(Stored items from a collection)
Start of Block

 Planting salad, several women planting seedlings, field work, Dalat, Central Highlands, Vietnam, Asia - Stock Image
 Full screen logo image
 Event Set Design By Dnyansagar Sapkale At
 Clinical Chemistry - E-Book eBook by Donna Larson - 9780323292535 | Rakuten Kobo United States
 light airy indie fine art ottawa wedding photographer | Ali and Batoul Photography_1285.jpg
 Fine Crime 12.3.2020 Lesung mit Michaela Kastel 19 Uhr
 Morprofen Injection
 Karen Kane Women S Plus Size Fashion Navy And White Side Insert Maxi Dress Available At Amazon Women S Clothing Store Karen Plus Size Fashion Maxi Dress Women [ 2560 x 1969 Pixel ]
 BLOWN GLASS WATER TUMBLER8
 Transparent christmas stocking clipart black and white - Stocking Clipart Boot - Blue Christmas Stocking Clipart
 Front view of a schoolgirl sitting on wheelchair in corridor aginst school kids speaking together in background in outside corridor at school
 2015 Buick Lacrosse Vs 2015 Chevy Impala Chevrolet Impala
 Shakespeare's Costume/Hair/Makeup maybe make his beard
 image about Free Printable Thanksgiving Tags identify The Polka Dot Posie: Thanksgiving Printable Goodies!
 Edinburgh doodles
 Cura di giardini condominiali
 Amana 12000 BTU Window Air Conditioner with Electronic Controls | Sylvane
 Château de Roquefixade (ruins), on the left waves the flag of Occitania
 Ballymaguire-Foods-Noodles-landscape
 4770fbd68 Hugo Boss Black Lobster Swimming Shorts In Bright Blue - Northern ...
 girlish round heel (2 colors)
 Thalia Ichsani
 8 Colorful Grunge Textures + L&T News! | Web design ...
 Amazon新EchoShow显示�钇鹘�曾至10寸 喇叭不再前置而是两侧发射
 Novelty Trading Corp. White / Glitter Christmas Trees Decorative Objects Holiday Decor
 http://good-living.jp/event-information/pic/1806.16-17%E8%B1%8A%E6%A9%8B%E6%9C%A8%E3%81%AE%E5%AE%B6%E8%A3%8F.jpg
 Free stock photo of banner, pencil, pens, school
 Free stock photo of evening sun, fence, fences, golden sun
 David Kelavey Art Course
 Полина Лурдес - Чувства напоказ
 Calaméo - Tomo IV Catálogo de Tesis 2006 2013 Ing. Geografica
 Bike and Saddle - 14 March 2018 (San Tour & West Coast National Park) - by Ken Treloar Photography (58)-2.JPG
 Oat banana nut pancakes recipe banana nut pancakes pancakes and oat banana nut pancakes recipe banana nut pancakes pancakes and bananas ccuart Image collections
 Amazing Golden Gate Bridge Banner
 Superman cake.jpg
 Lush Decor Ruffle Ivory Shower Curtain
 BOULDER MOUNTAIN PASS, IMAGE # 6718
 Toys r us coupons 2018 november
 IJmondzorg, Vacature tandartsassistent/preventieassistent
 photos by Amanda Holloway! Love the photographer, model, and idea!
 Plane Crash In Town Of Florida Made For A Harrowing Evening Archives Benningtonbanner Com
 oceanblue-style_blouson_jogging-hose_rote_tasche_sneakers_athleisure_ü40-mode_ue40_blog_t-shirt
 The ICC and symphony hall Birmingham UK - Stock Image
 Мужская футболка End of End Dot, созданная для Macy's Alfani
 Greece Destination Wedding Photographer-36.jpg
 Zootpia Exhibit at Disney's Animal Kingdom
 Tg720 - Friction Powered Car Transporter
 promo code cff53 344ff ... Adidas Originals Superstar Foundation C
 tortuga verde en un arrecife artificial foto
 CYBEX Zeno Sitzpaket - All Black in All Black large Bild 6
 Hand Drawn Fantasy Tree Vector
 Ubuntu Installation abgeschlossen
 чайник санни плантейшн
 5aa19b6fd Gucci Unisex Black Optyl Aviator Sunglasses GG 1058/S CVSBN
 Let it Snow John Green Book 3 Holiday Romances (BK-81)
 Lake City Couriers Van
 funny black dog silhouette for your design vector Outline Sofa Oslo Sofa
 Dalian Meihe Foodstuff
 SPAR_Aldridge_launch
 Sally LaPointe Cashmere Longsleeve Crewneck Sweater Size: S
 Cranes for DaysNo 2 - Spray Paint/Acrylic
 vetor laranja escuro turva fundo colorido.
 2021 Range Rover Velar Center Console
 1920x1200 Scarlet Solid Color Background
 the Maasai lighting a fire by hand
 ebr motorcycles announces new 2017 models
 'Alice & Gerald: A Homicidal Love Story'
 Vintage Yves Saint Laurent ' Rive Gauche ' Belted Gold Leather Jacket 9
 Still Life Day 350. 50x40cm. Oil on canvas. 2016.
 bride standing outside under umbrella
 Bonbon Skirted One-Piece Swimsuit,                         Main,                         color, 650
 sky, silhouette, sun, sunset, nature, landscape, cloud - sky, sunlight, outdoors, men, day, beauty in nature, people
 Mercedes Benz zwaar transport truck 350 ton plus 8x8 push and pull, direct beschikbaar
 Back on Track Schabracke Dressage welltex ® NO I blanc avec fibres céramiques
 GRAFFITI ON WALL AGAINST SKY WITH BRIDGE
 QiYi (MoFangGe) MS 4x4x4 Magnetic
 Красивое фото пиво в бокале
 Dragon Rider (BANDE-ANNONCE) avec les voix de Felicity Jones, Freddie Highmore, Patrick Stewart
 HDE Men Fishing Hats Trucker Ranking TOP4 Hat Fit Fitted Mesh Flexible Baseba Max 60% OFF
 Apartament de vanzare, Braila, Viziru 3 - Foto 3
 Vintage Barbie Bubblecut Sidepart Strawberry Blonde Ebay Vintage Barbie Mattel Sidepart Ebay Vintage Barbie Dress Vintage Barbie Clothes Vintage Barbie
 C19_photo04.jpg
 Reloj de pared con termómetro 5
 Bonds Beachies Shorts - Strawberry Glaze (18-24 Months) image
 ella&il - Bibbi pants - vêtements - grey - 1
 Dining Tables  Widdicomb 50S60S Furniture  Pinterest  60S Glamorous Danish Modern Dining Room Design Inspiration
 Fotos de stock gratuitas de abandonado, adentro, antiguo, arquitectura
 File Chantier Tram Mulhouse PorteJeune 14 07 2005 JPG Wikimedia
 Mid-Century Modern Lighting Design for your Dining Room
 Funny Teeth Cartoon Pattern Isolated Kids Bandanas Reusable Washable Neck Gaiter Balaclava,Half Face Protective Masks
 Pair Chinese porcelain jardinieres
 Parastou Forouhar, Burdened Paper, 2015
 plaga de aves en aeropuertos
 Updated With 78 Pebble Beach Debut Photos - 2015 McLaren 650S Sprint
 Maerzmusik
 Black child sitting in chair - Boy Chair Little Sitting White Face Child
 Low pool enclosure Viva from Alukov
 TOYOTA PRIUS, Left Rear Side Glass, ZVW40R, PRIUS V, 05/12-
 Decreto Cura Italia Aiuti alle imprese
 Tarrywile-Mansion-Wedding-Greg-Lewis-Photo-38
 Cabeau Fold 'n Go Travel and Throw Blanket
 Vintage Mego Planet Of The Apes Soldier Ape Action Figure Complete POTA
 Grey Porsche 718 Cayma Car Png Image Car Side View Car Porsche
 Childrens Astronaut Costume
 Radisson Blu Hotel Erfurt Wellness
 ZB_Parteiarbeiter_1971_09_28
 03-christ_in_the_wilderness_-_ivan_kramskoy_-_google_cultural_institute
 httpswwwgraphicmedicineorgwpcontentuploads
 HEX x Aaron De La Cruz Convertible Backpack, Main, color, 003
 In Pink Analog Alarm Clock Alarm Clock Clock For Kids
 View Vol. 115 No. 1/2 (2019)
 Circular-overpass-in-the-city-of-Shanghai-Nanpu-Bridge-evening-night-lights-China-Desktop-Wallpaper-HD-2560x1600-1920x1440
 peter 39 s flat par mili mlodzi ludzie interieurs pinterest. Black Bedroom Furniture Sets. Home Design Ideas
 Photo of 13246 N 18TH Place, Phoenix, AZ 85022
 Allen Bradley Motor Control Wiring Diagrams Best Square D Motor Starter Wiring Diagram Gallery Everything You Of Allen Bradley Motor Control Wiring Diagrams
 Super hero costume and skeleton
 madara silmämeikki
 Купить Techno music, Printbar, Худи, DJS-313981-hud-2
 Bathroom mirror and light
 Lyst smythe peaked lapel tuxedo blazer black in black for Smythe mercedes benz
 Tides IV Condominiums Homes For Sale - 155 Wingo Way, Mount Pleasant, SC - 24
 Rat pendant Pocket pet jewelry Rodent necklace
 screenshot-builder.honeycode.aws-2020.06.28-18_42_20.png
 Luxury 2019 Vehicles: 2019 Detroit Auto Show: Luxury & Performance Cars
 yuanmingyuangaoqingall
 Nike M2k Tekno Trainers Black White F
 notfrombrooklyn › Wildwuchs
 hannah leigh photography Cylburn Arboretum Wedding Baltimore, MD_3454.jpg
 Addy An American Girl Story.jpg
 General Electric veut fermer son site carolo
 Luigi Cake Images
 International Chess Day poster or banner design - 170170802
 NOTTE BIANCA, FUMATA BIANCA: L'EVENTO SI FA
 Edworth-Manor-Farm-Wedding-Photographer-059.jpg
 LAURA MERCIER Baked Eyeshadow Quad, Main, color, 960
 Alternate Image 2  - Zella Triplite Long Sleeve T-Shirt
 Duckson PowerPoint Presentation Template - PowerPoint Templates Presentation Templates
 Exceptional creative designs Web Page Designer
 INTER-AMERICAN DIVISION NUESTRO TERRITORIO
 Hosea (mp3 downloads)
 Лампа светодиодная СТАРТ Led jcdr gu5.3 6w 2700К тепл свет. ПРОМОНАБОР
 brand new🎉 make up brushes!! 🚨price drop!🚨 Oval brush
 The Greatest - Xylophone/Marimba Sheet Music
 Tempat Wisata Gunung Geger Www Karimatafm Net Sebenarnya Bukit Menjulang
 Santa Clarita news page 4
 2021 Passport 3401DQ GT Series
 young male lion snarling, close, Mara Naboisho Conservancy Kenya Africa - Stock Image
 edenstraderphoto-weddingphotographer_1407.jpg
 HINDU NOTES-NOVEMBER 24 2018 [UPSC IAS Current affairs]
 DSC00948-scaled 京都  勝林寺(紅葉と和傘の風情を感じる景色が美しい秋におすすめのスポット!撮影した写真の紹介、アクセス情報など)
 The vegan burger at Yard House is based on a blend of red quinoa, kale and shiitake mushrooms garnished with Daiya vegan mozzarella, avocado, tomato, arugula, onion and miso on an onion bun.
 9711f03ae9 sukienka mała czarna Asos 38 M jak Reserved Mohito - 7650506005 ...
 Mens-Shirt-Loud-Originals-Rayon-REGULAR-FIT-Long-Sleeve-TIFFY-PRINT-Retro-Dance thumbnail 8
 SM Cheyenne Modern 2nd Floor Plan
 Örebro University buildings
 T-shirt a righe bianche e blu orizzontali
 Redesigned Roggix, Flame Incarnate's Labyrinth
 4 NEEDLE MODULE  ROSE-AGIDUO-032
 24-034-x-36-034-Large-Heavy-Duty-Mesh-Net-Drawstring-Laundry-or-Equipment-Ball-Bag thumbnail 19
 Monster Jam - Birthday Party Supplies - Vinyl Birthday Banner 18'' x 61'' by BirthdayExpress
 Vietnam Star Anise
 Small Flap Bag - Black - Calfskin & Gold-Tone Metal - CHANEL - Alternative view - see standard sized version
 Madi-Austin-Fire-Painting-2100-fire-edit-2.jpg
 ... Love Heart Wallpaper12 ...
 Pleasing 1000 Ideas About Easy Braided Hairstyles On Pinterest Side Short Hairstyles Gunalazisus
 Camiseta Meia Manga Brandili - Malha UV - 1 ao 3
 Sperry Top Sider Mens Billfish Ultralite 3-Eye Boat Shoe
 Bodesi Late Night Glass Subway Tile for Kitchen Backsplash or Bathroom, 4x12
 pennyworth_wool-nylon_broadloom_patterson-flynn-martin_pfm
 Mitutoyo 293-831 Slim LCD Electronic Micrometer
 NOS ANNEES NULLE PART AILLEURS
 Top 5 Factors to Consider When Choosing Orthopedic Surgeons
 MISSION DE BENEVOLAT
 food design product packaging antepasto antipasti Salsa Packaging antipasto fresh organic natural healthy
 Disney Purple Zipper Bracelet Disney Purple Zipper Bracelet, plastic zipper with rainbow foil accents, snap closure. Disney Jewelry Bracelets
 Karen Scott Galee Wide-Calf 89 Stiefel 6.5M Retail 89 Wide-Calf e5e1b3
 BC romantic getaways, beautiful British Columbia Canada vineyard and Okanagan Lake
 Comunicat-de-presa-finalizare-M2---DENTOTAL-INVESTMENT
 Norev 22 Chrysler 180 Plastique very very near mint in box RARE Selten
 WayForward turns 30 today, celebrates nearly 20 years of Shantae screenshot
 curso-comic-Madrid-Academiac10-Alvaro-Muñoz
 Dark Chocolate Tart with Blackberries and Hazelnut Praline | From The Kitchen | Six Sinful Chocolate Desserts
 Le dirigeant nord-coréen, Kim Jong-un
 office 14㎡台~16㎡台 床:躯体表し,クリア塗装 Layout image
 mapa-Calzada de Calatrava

End of Block

Beginning at the line above that contains "INTER-AMERICAN DIVISION NUESTRO TERRITORIO", return each line exactly through the line that contains "Disney Purple Zipper Bracelet Disney", and no others.

 INTER-AMERICAN DIVISION NUESTRO TERRITORIO
 Hosea (mp3 downloads)
 Лампа светодиодная СТАРТ Led jcdr gu5.3 6w 2700К тепл свет. ПРОМОНАБОР
 brand new🎉 make up brushes!! 🚨price drop!🚨 Oval brush
 The Greatest - Xylophone/Marimba Sheet Music
 Tempat Wisata Gunung Geger Www Karimatafm Net Sebenarnya Bukit Menjulang
 Santa Clarita news page 4
 2021 Passport 3401DQ GT Series
 young male lion snarling, close, Mara Naboisho Conservancy Kenya Africa - Stock Image
 edenstraderphoto-weddingphotographer_1407.jpg
 HINDU NOTES-NOVEMBER 24 2018 [UPSC IAS Current affairs]
 DSC00948-scaled 京都  勝林寺(紅葉と和傘の風情を感じる景色が美しい秋におすすめのスポット!撮影した写真の紹介、アクセス情報など)
 The vegan burger at Yard House is based on a blend of red quinoa, kale and shiitake mushrooms garnished with Daiya vegan mozzarella, avocado, tomato, arugula, onion and miso on an onion bun.
 9711f03ae9 sukienka mała czarna Asos 38 M jak Reserved Mohito - 7650506005 ...
 Mens-Shirt-Loud-Originals-Rayon-REGULAR-FIT-Long-Sleeve-TIFFY-PRINT-Retro-Dance thumbnail 8
 SM Cheyenne Modern 2nd Floor Plan
 Örebro University buildings
 T-shirt a righe bianche e blu orizzontali
 Redesigned Roggix, Flame Incarnate's Labyrinth
 4 NEEDLE MODULE  ROSE-AGIDUO-032
 24-034-x-36-034-Large-Heavy-Duty-Mesh-Net-Drawstring-Laundry-or-Equipment-Ball-Bag thumbnail 19
 Monster Jam - Birthday Party Supplies - Vinyl Birthday Banner 18'' x 61'' by BirthdayExpress
 Vietnam Star Anise
 Small Flap Bag - Black - Calfskin & Gold-Tone Metal - CHANEL - Alternative view - see standard sized version
 Madi-Austin-Fire-Painting-2100-fire-edit-2.jpg
 ... Love Heart Wallpaper12 ...
 Pleasing 1000 Ideas About Easy Braided Hairstyles On Pinterest Side Short Hairstyles Gunalazisus
 Camiseta Meia Manga Brandili - Malha UV - 1 ao 3
 Sperry Top Sider Mens Billfish Ultralite 3-Eye Boat Shoe
 Bodesi Late Night Glass Subway Tile for Kitchen Backsplash or Bathroom, 4x12
 pennyworth_wool-nylon_broadloom_patterson-flynn-martin_pfm
 Mitutoyo 293-831 Slim LCD Electronic Micrometer
 NOS ANNEES NULLE PART AILLEURS
 Top 5 Factors to Consider When Choosing Orthopedic Surgeons
 MISSION DE BENEVOLAT
 food design product packaging antepasto antipasti Salsa Packaging antipasto fresh organic natural healthy
 Disney Purple Zipper Bracelet Disney Purple Zipper Bracelet, plastic zipper with rainbow foil accents, snap closure. Disney Jewelry Bracelets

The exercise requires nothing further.